Все отмеченные особенности философствования Гумбольдта проявились уже в первой его крупной работе „Идеи к опыту, определяющему границы деятельности государства”. Одна из открывающих книгу глав называется „Размышления о человеке и высшей конечной цели его бытия”. Истинная цель человека — полное и наиболее пропорциональное развитие его потенций. Необходимое условие для этого — свобода. Человек — часть природы, поэтому он свободен, когда ничто не сковывает его природные силы. «Наилучшие человеческие действия — те, которые в наибольшей степени подражают действиям природы. Ведь семя, тихо и незаметно принятое землей, приносит большее благо, чем бурное извержение вулкана, безусловно необходимое, но всегда сопровождающееся бедствиями» (с. 26).

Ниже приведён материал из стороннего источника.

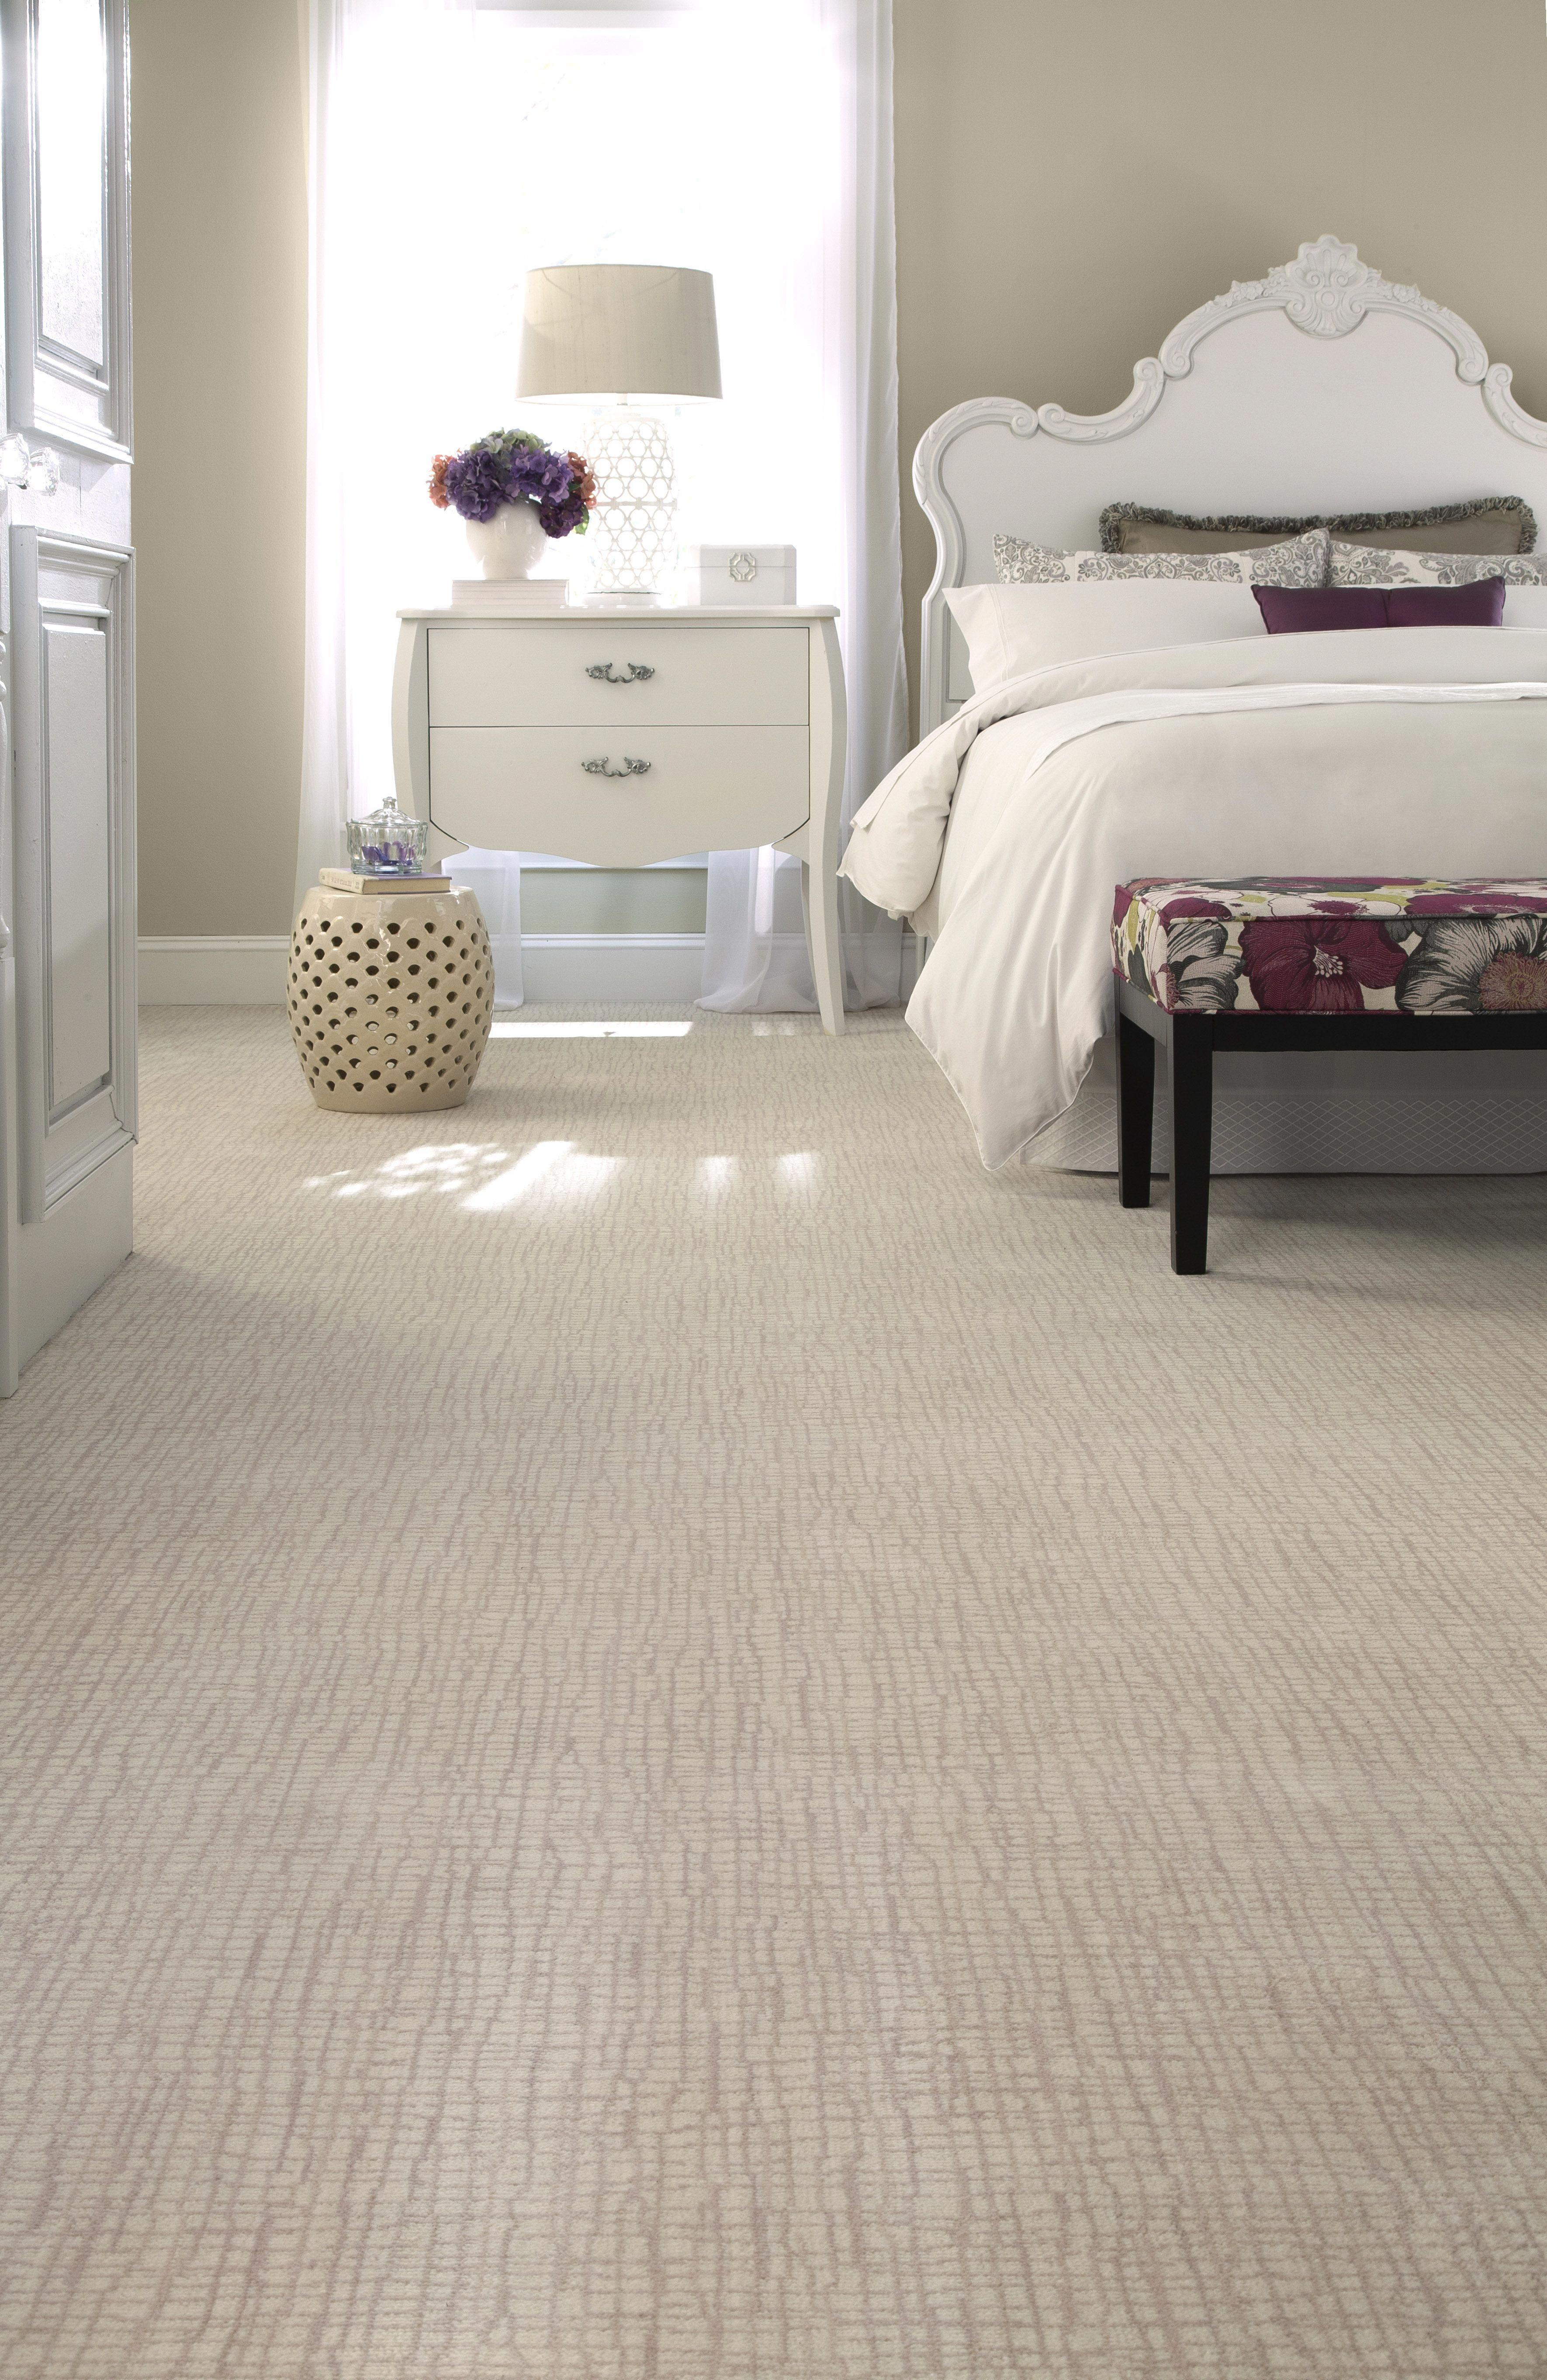 Best Buy Carpet Runner By The Foot Cheapcarpetrunnerssydney 640 x 480

Образ вулкана, извержение которого хотя и бедственно, но необходимо, навеян Французской революцией, которую Гумбольдт наблюдал непосредственно в Париже и которая оказывала влияние на положение дел в Германии. Дитя Просвещения, ученик Кампе, избранного почетным гражданином Французской республики, Гумбольдт не может не симпатизировать борьбе народа за свободу: «Народ, который с полным сознанием прав человека и гражданина разбивает свои оковы, являет собой прекрасное, возвышающее душу зрелище» (с. 27). Но Гумбольдт — не революционер, он сын своего класса и озабочен тем, чтобы предотвратить революцию в своей стране; поэтому наиболее прекрасное зрелище для него — действия монарха, «который сам снимает оковы и предоставляет свободу народу».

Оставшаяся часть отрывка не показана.